UNITED STATES
SECURITIES AND EXCHANGE COMMISSION
Washington, D.C. 20549
FORM 8-K
CURRENT REPORT
Pursuant to Section 13 or 15(d) of the
Securities Exchange Act of 1934
Date of Report (Date of Earliest Event Reported): February 7, 2006
SYNNEX CORPORATION
(Exact name of registrant as specified in its charter)
Delaware | 001-31892 | 94-2703333 | ||
(State or Other Jurisdiction of Incorporation) |
(Commission File Number) | (I.R.S. Employer Identification Number) |
44201 Nobel Drive Fremont, California |
94538 | |
(Address of principal executive offices) | (Zip Code) |
(510) 656-3333
(Registrants telephone number, including area code)
N/A
(Former name or former address, if changed since last report.)
Check the appropriate box below if the Form 8-K filing is intended to simultaneously satisfy the filing obligations of the registrant under any of the following provisions (see General Instruction A.2. below):
¨ | Written communications pursuant to Rule 425 under the Securities Act (17 CFR 230.425) |
¨ | Soliciting material pursuant to Rule 14a-12 under the Exchange Act (17 CFR 240.14a-12) |
¨ | Pre-commencement communications pursuant to Rule 14d-2(b) under the Exchange Act (17 CFR 240.14d-2(b)) |
¨ | Pre-commencement communications pursuant to Rule 13e-4(c) under the Exchange Act (17 CFR 240-13e-4(c)) |
Item 1.01. Entry into a Material Definitive Agreement
2006 Profit Sharing Program for Executive Officers
On February 7, 2006, the Compensation Committee of the Board of Directors of SYNNEX Corporation (the Company) approved the 2006 profit sharing program for executive officers. Bonuses granted to executive officers are determined by the Companys Compensation Committee based upon both qualitative and quantitative considerations. Bonuses to executive officers will be based upon the achievement of Company net income target percentages. Executive officers will not be eligible for bonuses unless the Company meets or exceeds threshold target performance percentages, established for each executive officer, of an internally established net income goal. The actual bonus payable, if the applicable minimum threshold percentage is met, will be paid upon a sliding scale of the target performance percentage actually achieved and dollar limits established by the Compensation Committee for each individual executive officer. In addition to the above quantitative goals, Robert Huang, President and Chief Executive Officer of the Company, retains the discretion to increase or decrease bonuses for the other executive officers by up to 30%.

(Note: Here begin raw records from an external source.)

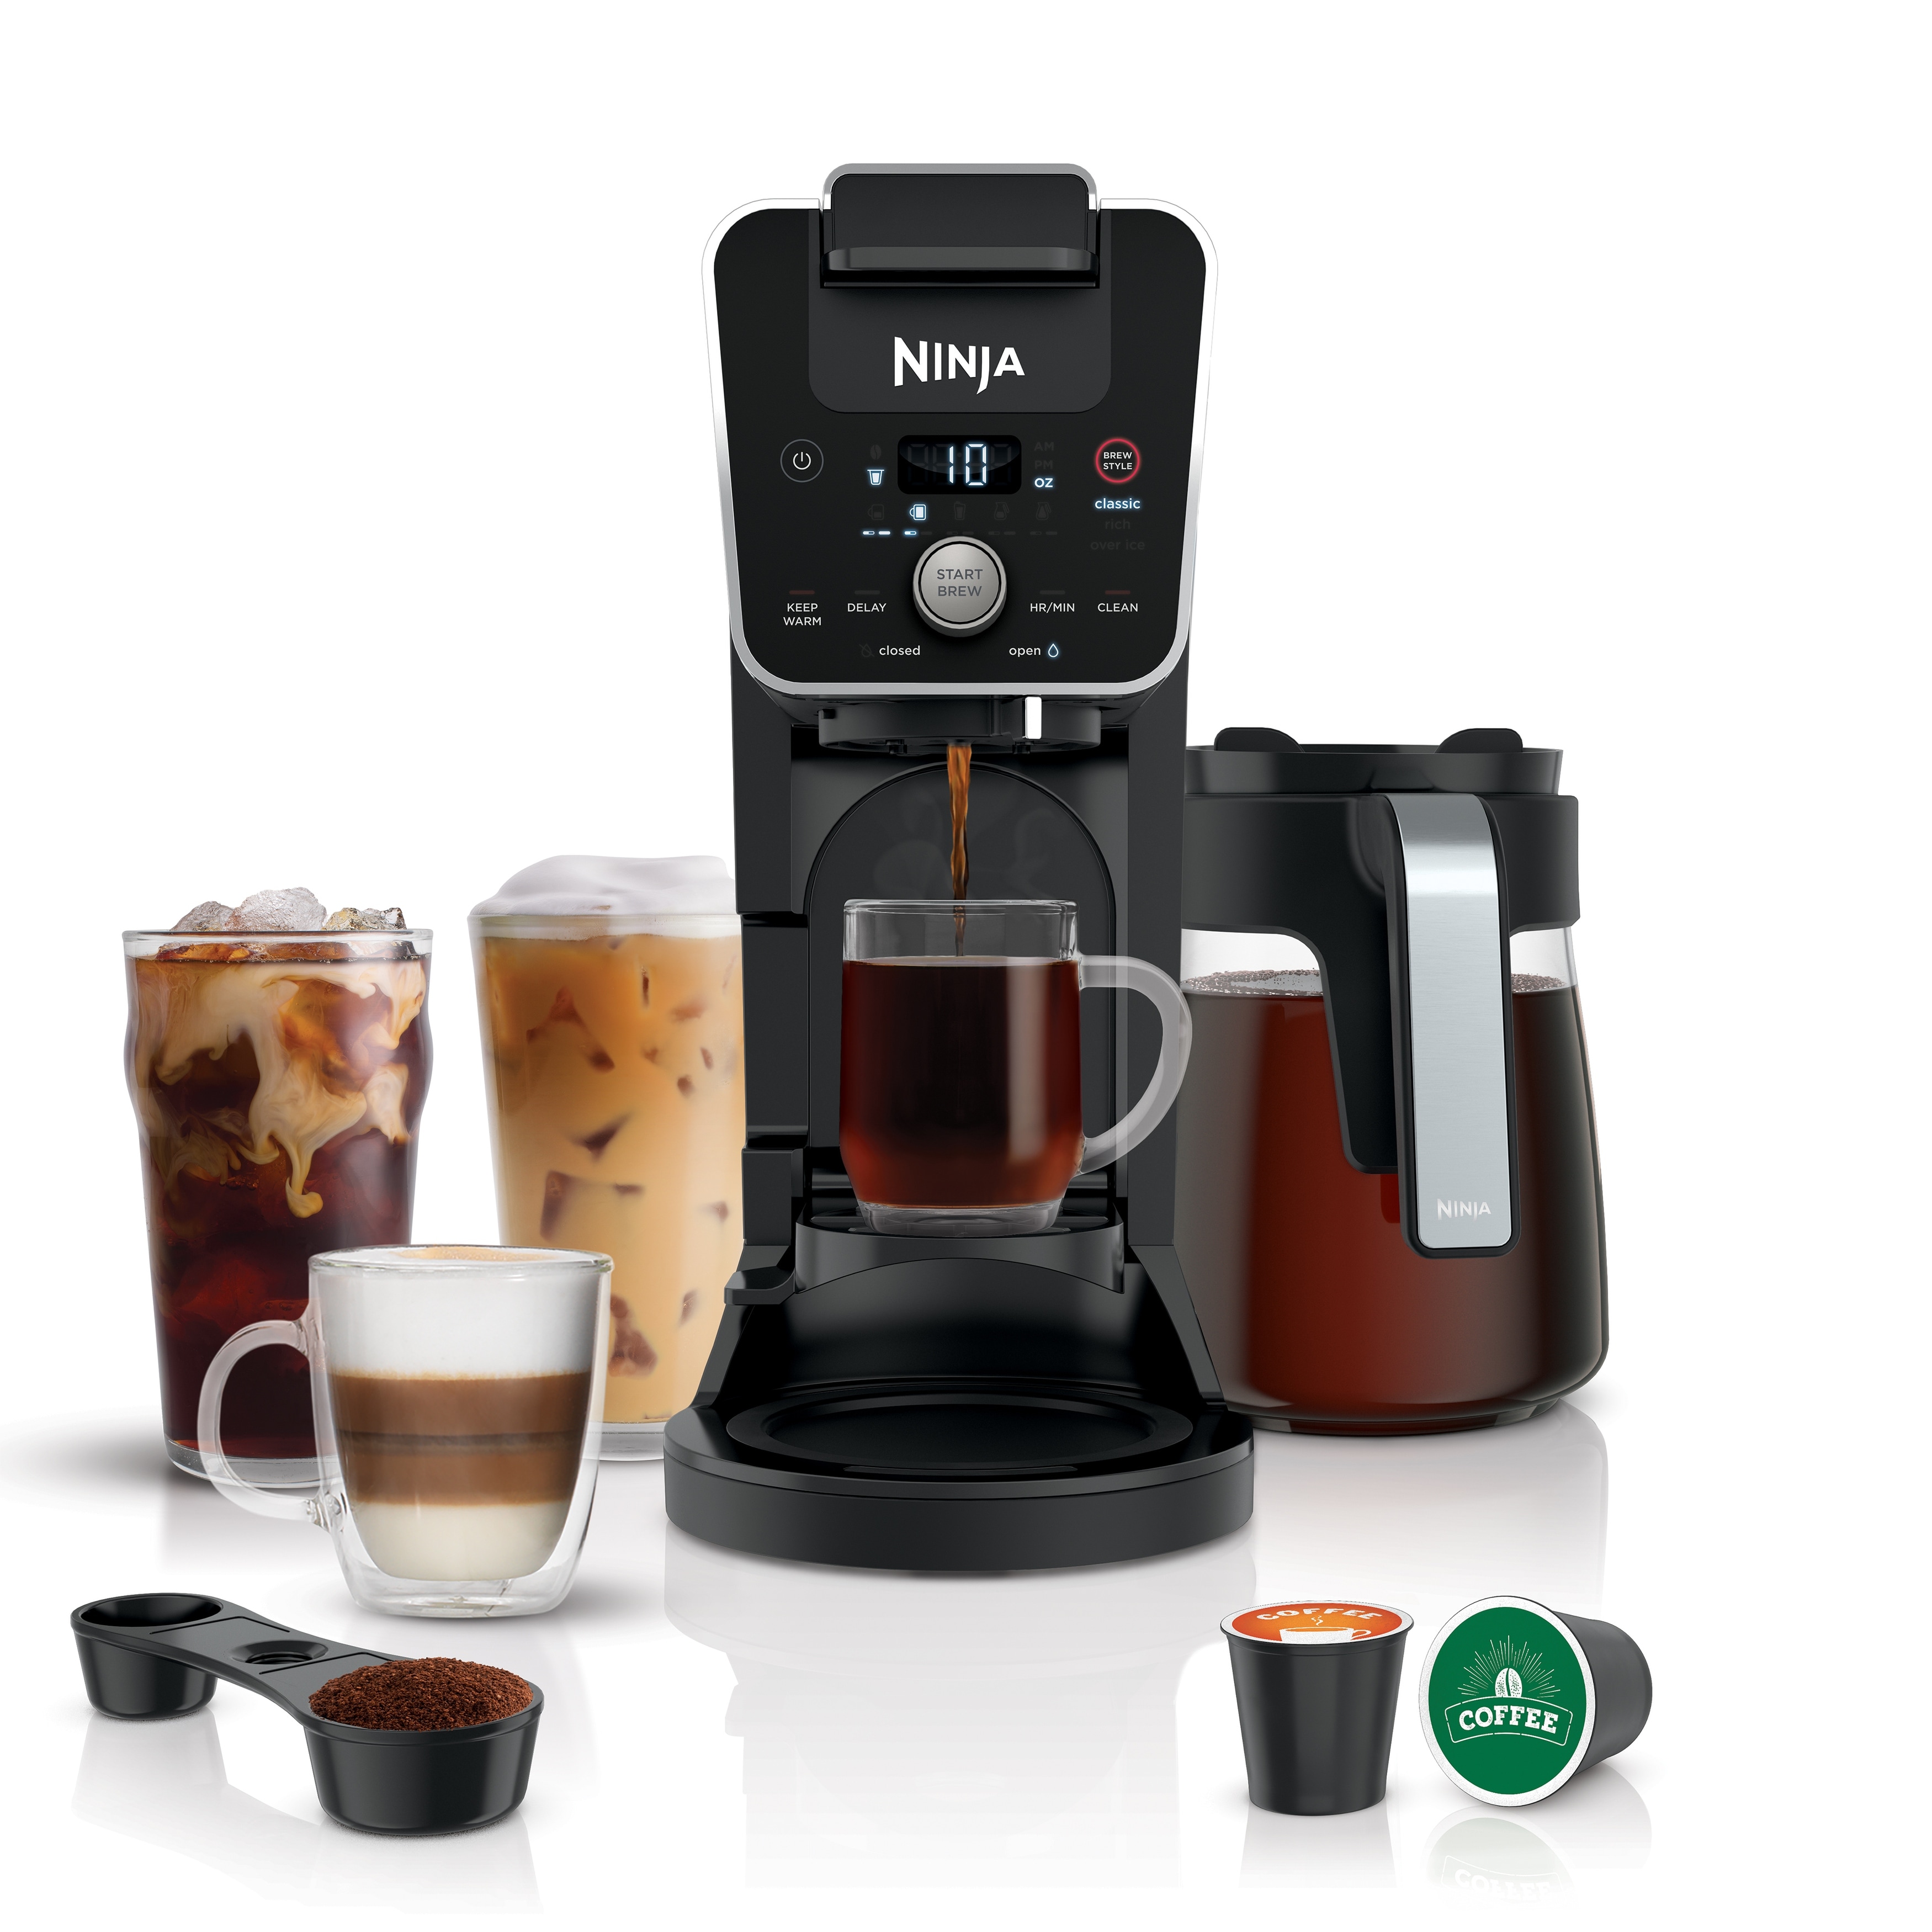 Vinci Housewares Nitro Cold Brew Maker Home Brew Nitrogen Infusion Coffee  Keg System w EZ Dispensing System Includes Drip Mat - Bed Bath & Beyond -  38316880
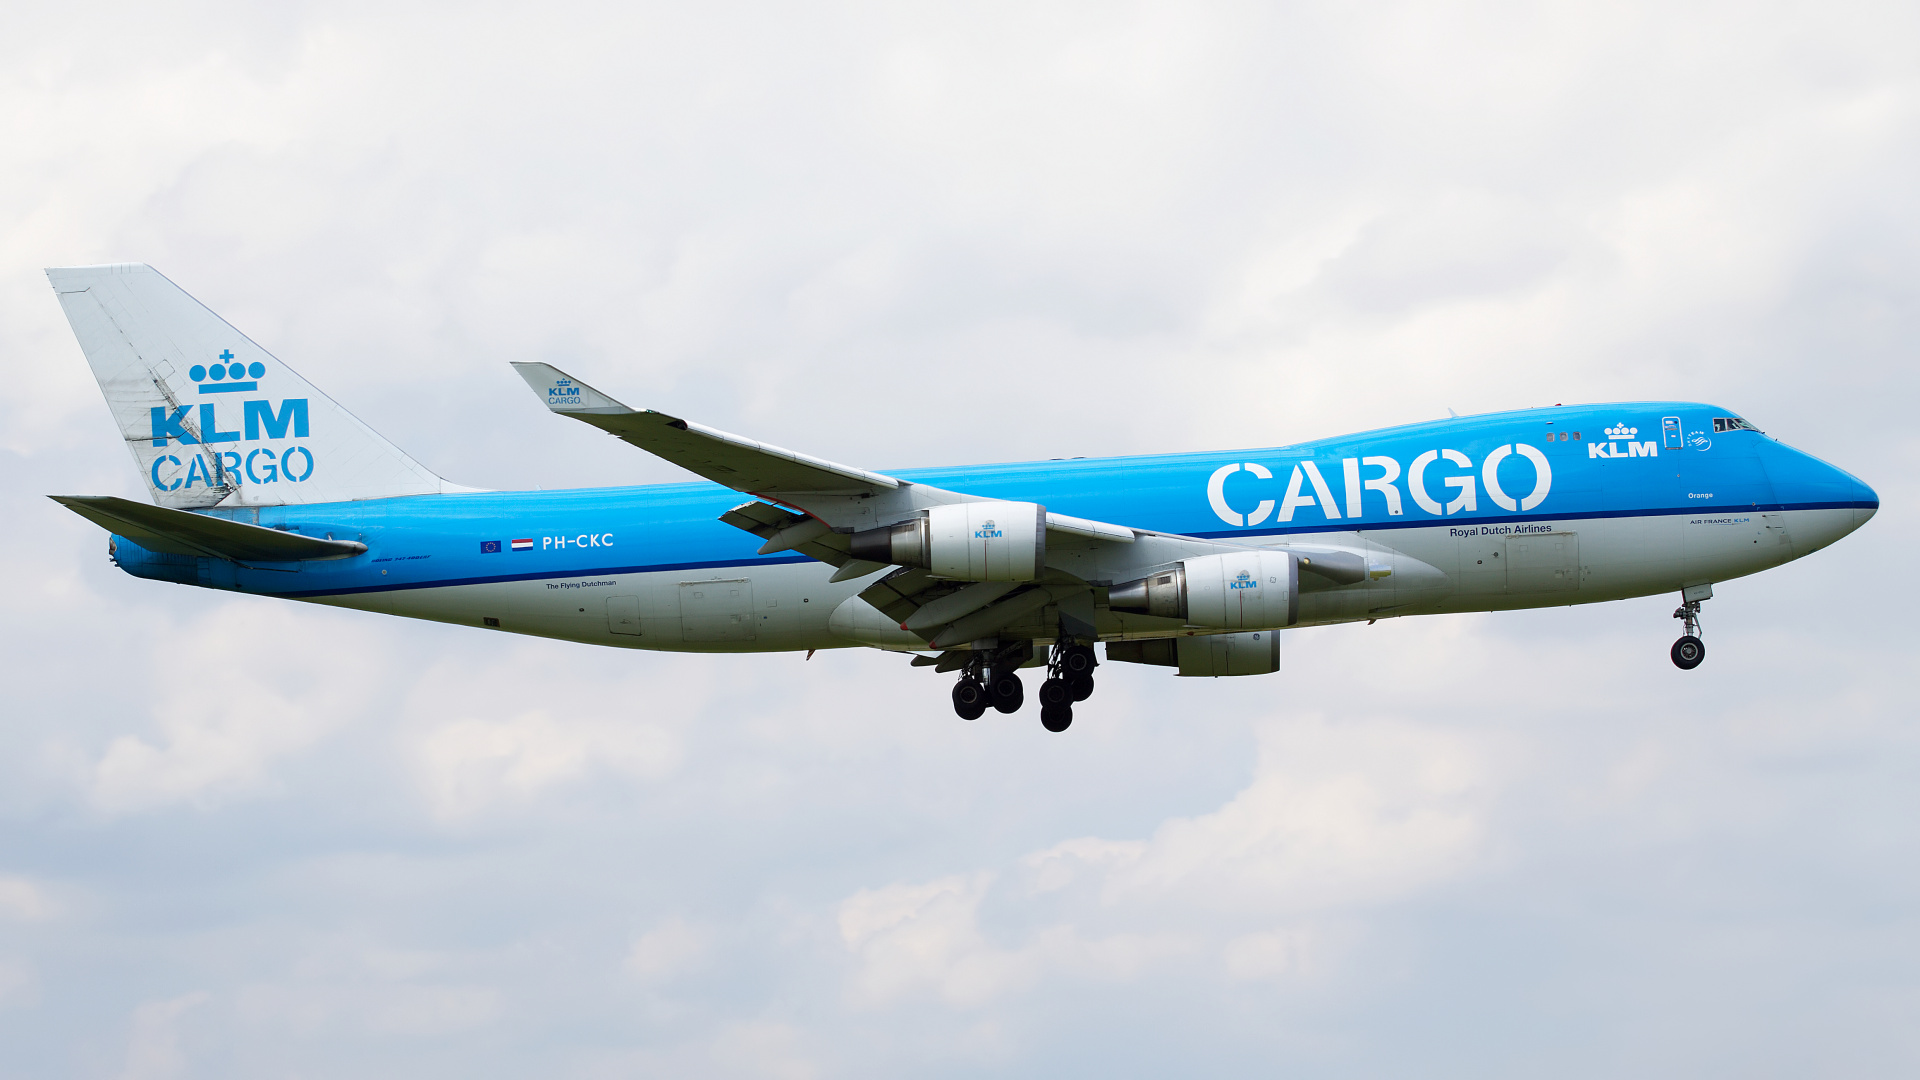 PH-CKC (Aircraft » Schiphol Spotting » Boeing 747-400F » KLM Cargo)
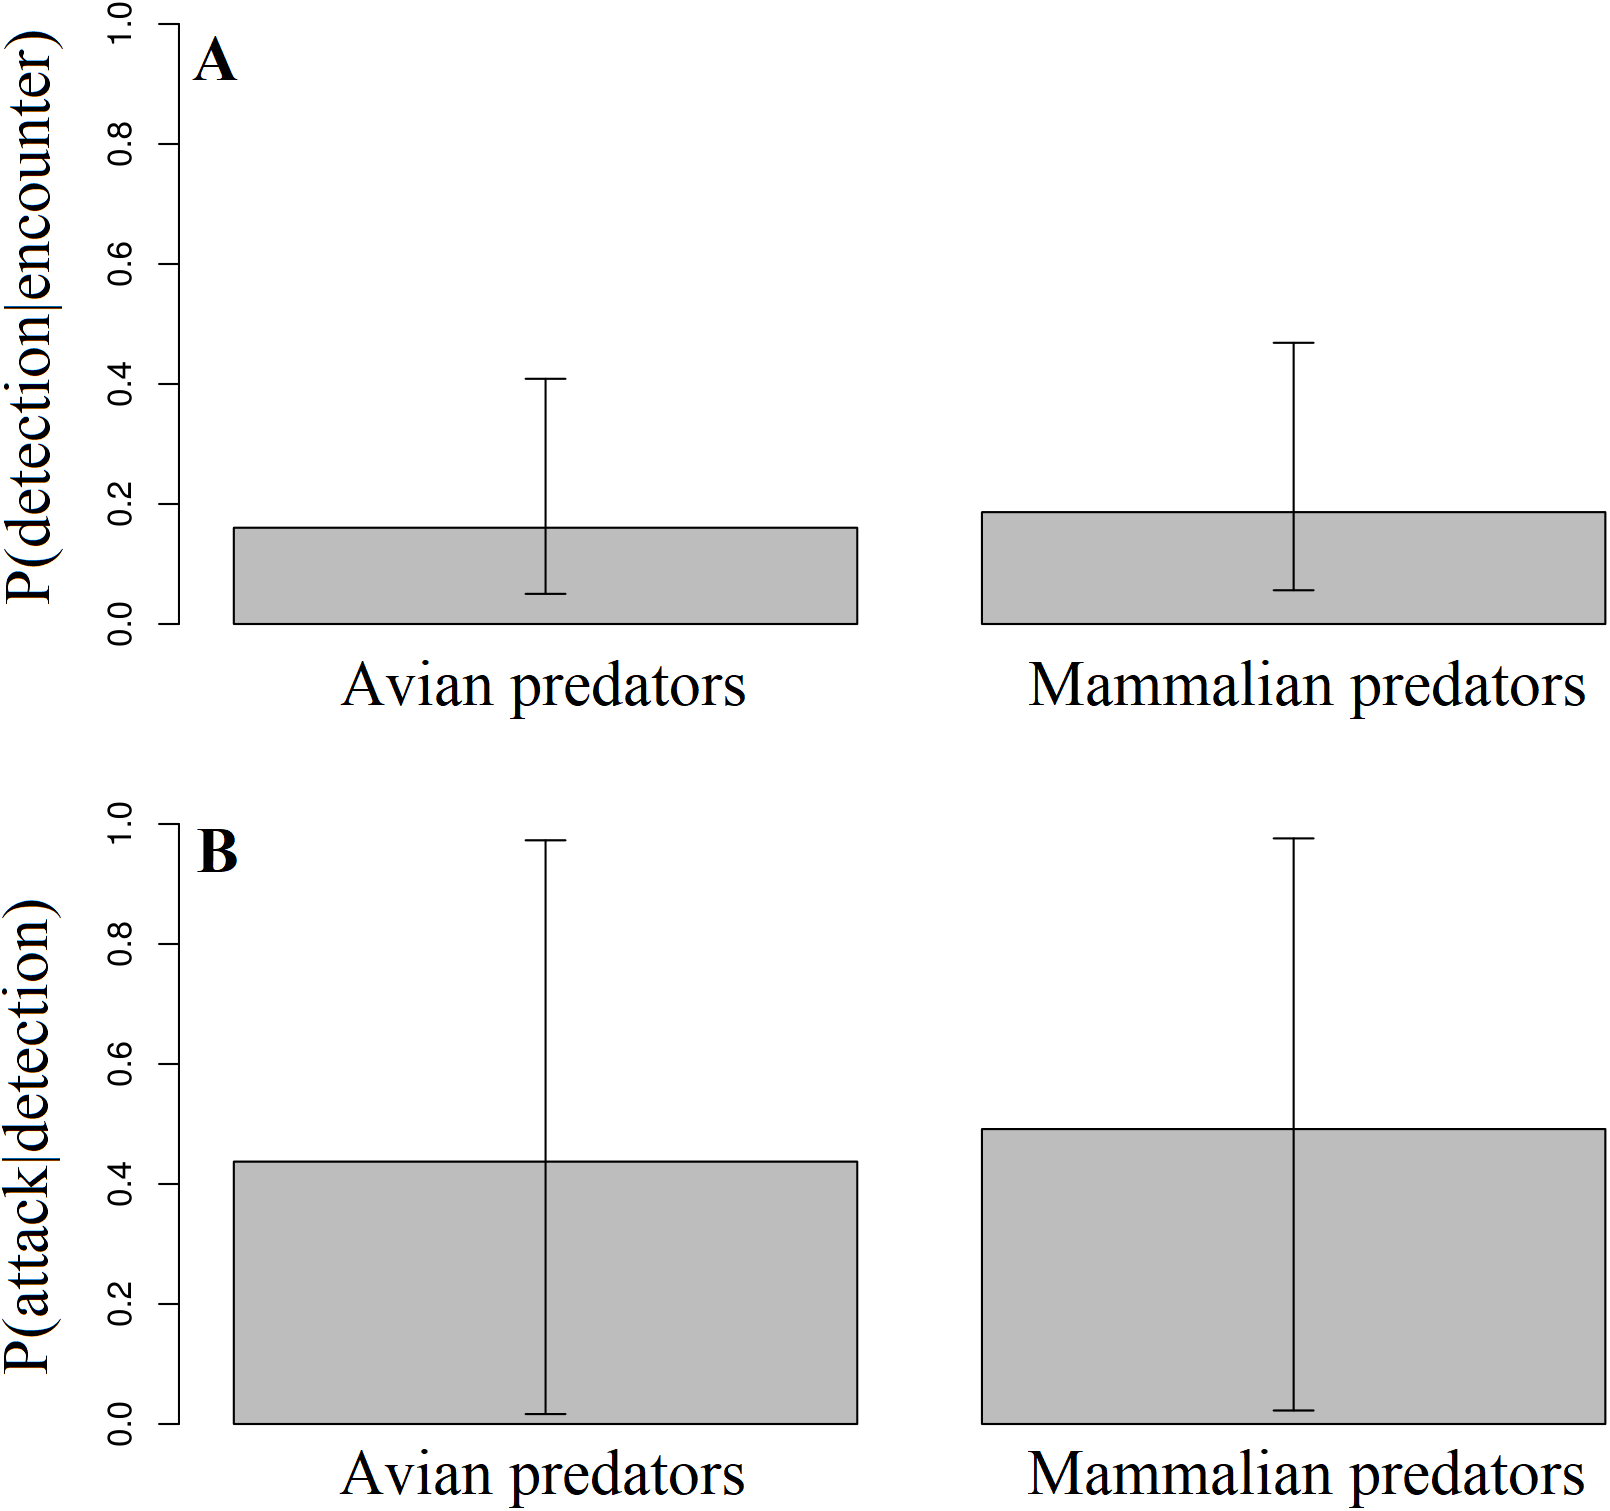 Evaluating the utility of camera traps in field studies of predation [PeerJ]

Employment Agreement of Robert Huang
On February 7, 2006, the Compensation Committee approved an employment agreement with Mr. Huang for a term of four years. Pursuant to the agreement, Mr. Huang will receive an annual base salary of $400,000 and was granted an award of restricted stock units for 250,000 shares of common stock of the Company under the Companys Amended and Restated 2003 Stock Incentive Plan. The restricted stock units will vest with respect to 25% of the shares on the date that is 13 months after the date of grant, and an additional 25% of the shares on the second, third and fourth anniversaries of the date of grant. Subject to the terms and conditions of the agreement, if Mr. Huang terminates his employment with the Company for good reason, or the Company terminates Mr. Huangs employment with the Company for a reason other than cause, disability or death, within the four-year term of the agreement, Mr. Huang will receive the following severance benefits:
(i) Severance Payments: Mr. Huang will be paid severance for 12 months at a monthly rate equal to his annual base salary rate, as then in effect, divided by 12 months. In addition, Mr. Huang will receive a prorated portion of any profit sharing bonus earned for the year of termination.
(ii) Continued Health Benefits: Mr. Huang will receive reimbursement from the Company of the group health continuation coverage premiums for himself and his eligible dependents for 12 months.
(iii) Accelerated Vesting: 100% of the unvested shares subject to all of Mr. Huangs outstanding rights to purchase or receive shares of the Companys common stock (including, without limitation, through awards of stock options, restricted stock units or similar awards) will immediately vest and, if applicable, become exercisable upon such termination.
Compensation of Matthew Miau
On February 7, 2006, the Compensation Committee approved a $225,000 retainer for fiscal 2006 for Matthew Miau, Chairman of the Board of Directors, based primarily upon his non-executive back-up role to Mr. Huang in the event Mr. Huang were unable to serve as President and Chief Executive Officer and certain time commitments devoted to the Company as Chairman. Mr. Miaus retainer remained the same as the prior year.
Amendments to Material Definitive Agreements
On February 8, 2006, the Company entered into Amendment No. 8 dated February 8, 2006 to Amended and Restated Credit Agreement dated July 9, 2002 by and among the Company, General Electric Capital Corporation and Bank of America, N.A. This amendment increases the amounts the Company may lend or guaranty to its Canada and Mexico subsidiaries, subject to certain requirements and restrictions.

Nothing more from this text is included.